I am using a Channel<T> in a producer-consumer scenario, and I have the requirement to consume the channel in batches of 10 items each, and without letting any consumed item to stay idle in a buffer for more than 5 seconds. This duration is the maximum latency allowed between reading an item from the channel, and processing a batch that contains this item. The maximum latency policy has precedence over the batch size policy, so a batch should be processed even with fewer than 10 items, in order to satisfy the max-latency requirement.

I was able to implement the first requirement, in the form of a ReadAllBatches extension method for the ChannelReader<T> class:

public static async IAsyncEnumerable<T[]> ReadAllBatches<T>(
    this ChannelReader<T> channelReader, int batchSize)
{
    List<T> buffer = new();
    while (true)
    {
        T item;
        try { item = await channelReader.ReadAsync(); }
        catch (ChannelClosedException) { break; }
        buffer.Add(item);
        if (buffer.Count == batchSize)
        {
            yield return buffer.ToArray();
            buffer.Clear();
        }
    }
    if (buffer.Count > 0) yield return buffer.ToArray();
    await channelReader.Completion; // Propagate possible failure
}

I am planning to use it like this:

await foreach (Item[] batch in myChannel.Reader.ReadAllBatches(10))
{
    Console.WriteLine($"Processing batch of {batch.Length} items");
}

My question is: how can I enhance my ReadAllBatches<T> implementation with an additional TimeSpan timeout parameter, that enforces the aforementioned maximum latency policy, and without installing third-party packages to my project?

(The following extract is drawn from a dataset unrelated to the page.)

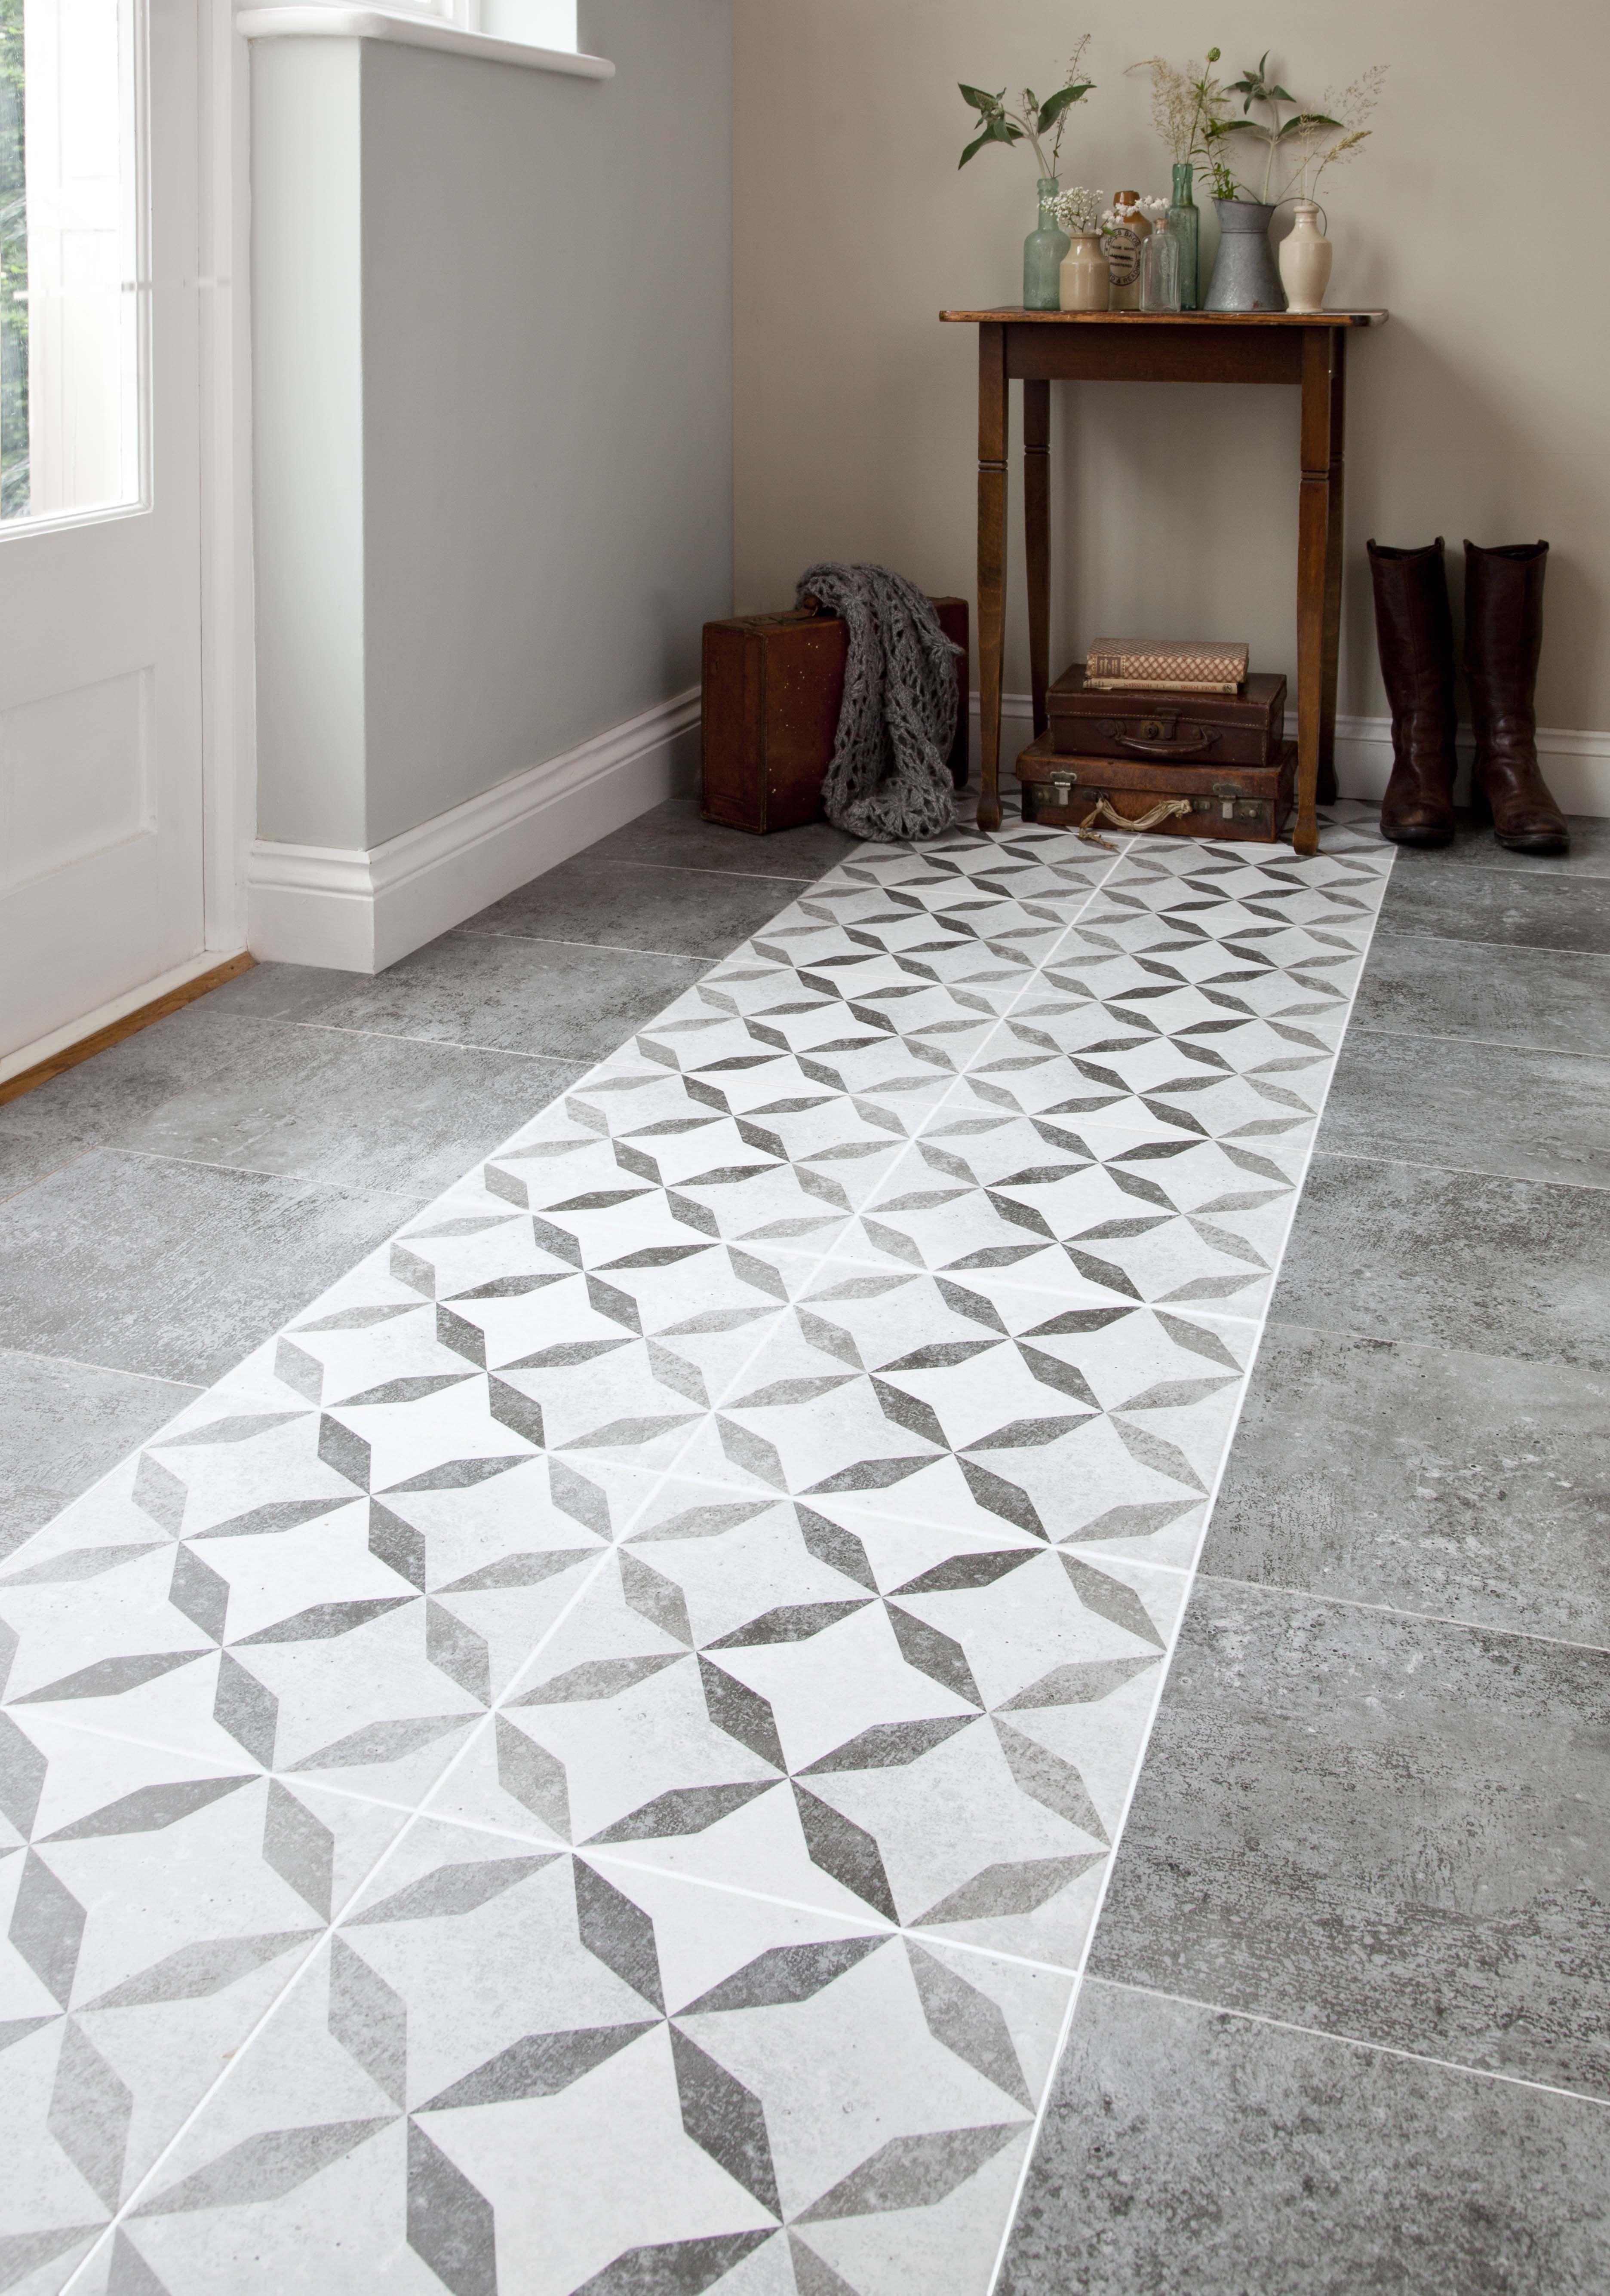 Feature Floors Concrete Tiles From House Of British Ceramic Tile Http Www Britishceramictile Co Patterned Floor Tiles Ceramic Floor Tiles Hallway Tiles Floor

Important: The requested implementation should not be susceptible to the memory leak issue that has been reported here. So the loop that consumes the channel should not cause the steady increment of the memory used by the application, in case the producer that writes the items in the channel has become idle for a prolonged period of time.

Note: I am aware that a similar question exists regarding batching the IAsyncEnumerable<T> interface, but I am not interested to that. I am interested for a method that targets directly the ChannelReader<T> type, for performance reasons.

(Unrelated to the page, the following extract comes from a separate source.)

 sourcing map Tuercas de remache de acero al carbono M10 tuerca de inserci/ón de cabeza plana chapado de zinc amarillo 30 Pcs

Galleywest answered 20/5, 2022 at 3:30 Comment(0)
G
3

Below is an implementation of an idea that was posted on GitHub, by tkrafael.

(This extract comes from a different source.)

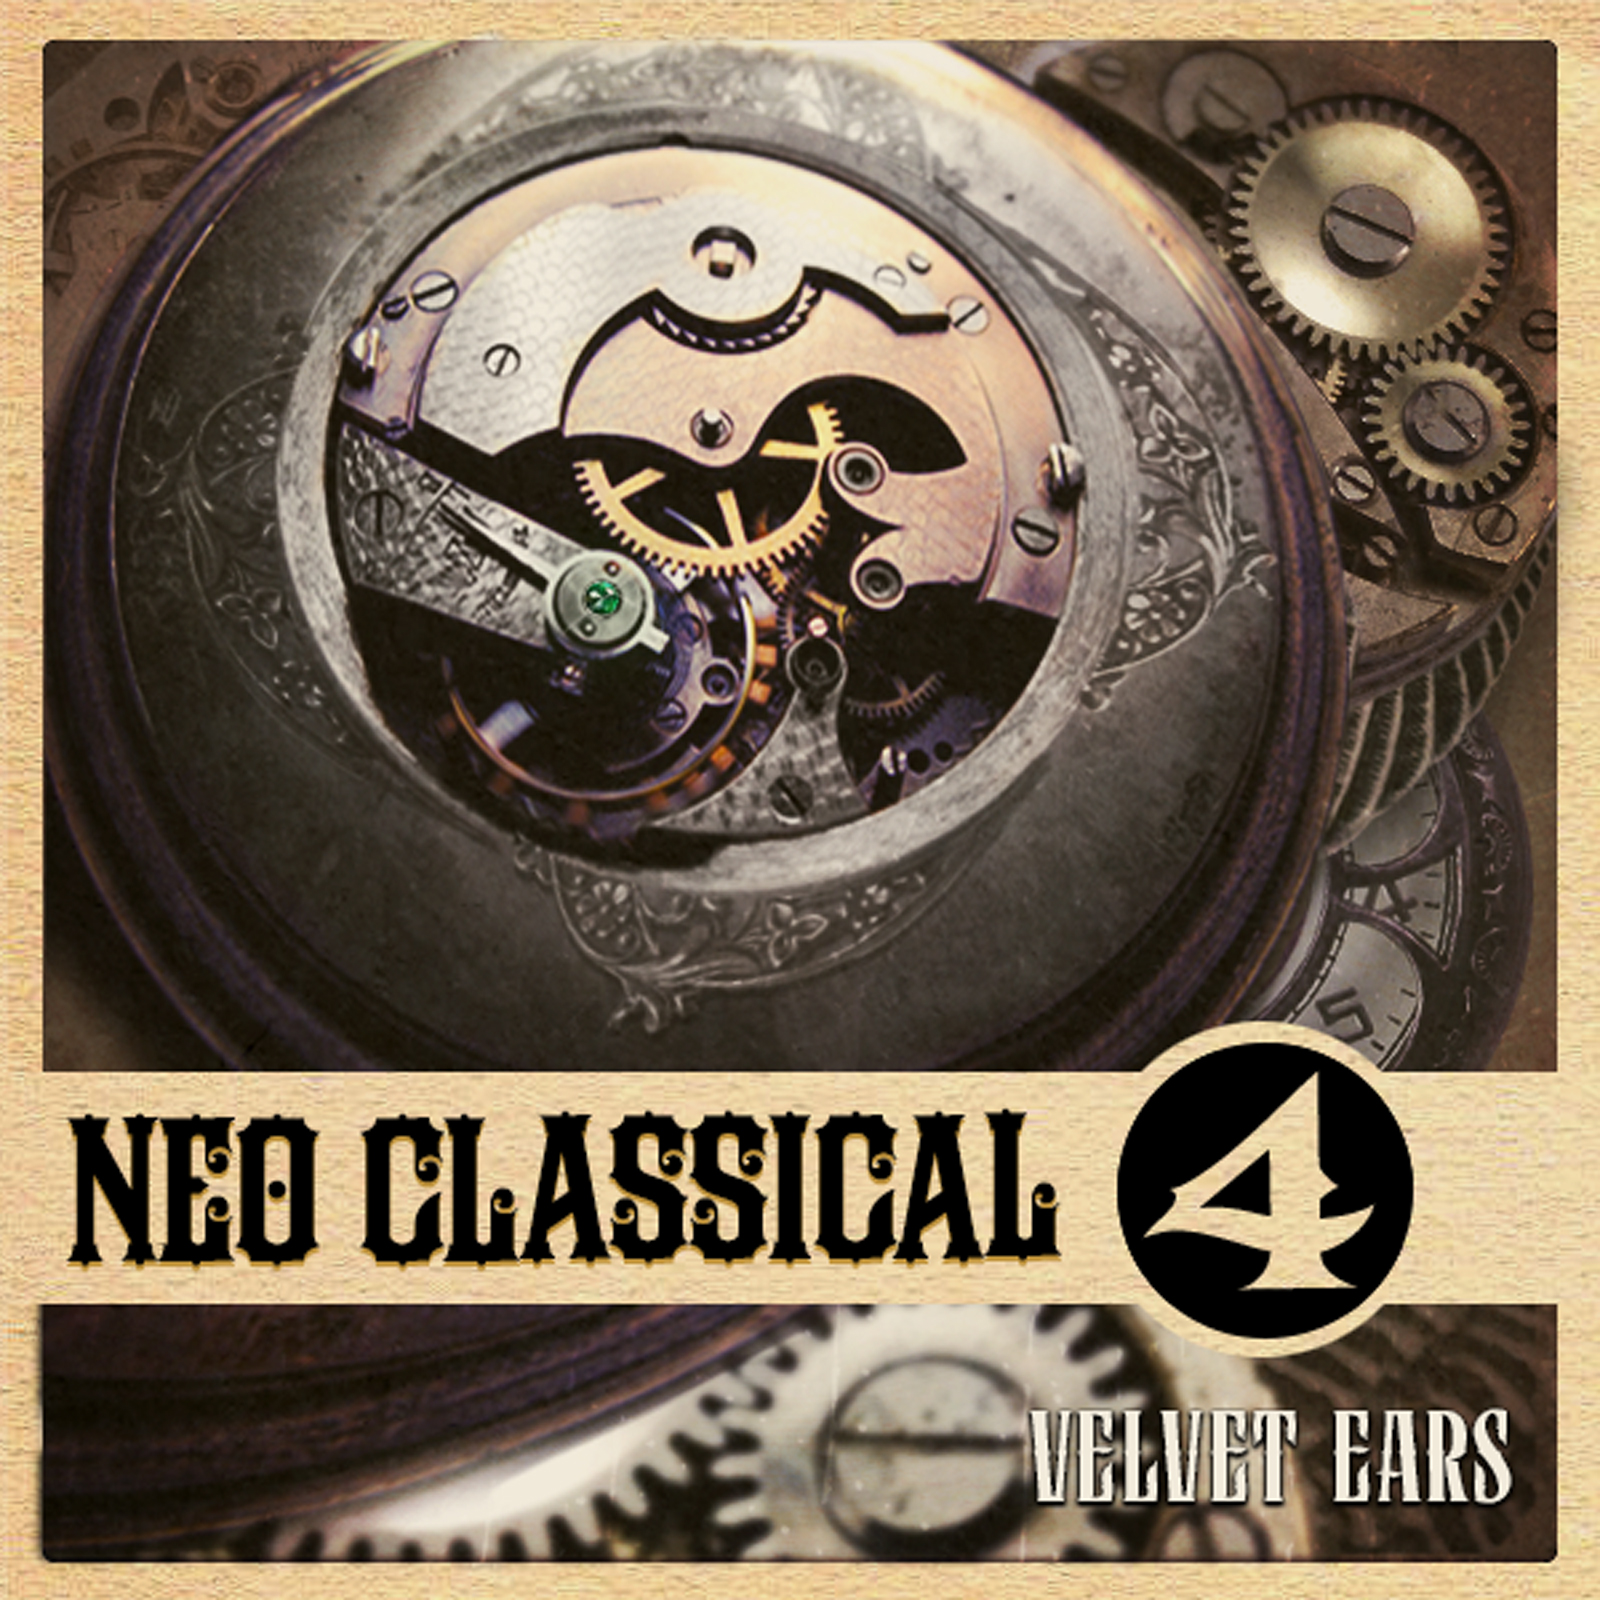 NEOCLASSICAL_steampunk_4-1600.jpg

I had the same "leak" issue and resolved by:

  • First read uses main token (If I have no items to handle, just wait until one arrives)
  • All the remaining items must be read in x milliseconds

This way I will never get an empty read due to timeout cancellation token (ok, maybe one empty read when application is being shutdown) and I get correct behaviour when items arrives from channel's writer.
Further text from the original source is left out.